Der Deutsche Handballbund hat in den vergangenen beiden Wochen mit Spielkommission 3. Liga und Jugendspielausschuss alle Vereine in die Situationsanalyse eingebunden, mit den zuständigen Gremien unter anderem spieltechnische Szenarien entwickelt und als maßgeblichen rechtlichen Rahmen auch die Corona-Schutzverordnungen der Bundesländer ausgewertet. Von insgesamt 131 Mannschaften der 3. Liga (72 Männer, 59 Frauen) haben derzeit ein Drittel keine Erlaubnis, weiter zu trainieren. Etwa die Hälfte dürfte den Spielbetrieb auch ohne Zuschauer nicht aufnehmen. Insgesamt ergibt sich für die 3. Liga ein heterogenes Bild, auch was die Einordnung als Amateur- oder Profisport betrifft.
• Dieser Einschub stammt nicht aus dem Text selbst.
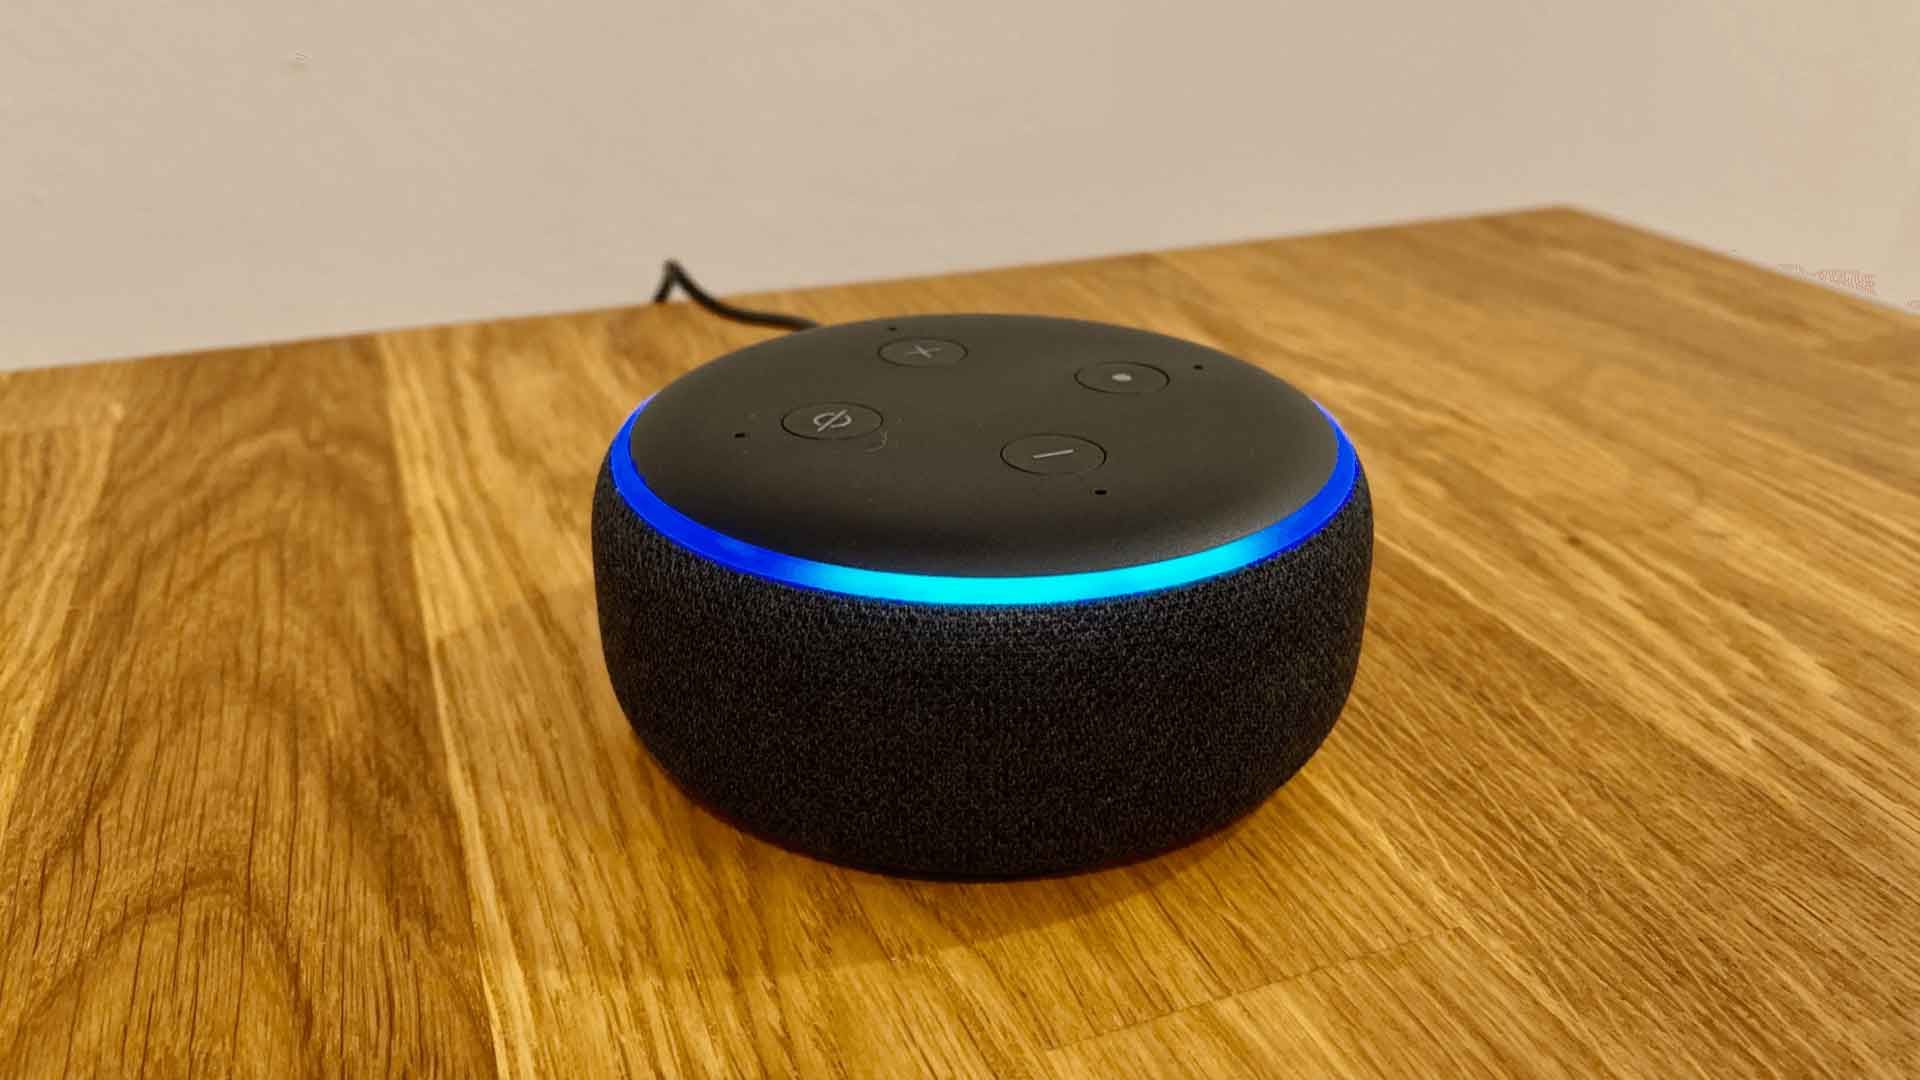 Wie funktioniert Alexa? Einrichtung, Funktionen und Befehle

Ähnlich ist die Ausgangslage für die JBLH, in der 40 männliche und nach absolvierter Vorrunde 16 weibliche Nachwuchsteams aktiv sind.

Deutscher Handballbund, Spielkommission 3. Liga und Jugendspielausschuss werden in den kommenden Wochen weiter beraten, wie die Saison 2020/21 fortgesetzt werden kann, welches Testkonzept gegebenenfalls zum Einsatz kommen könnte, wo und in welchem Umfang Publikum ermöglicht werden kann sowie welche Anpassungen des Modus gegebenenfalls erforderlich sind.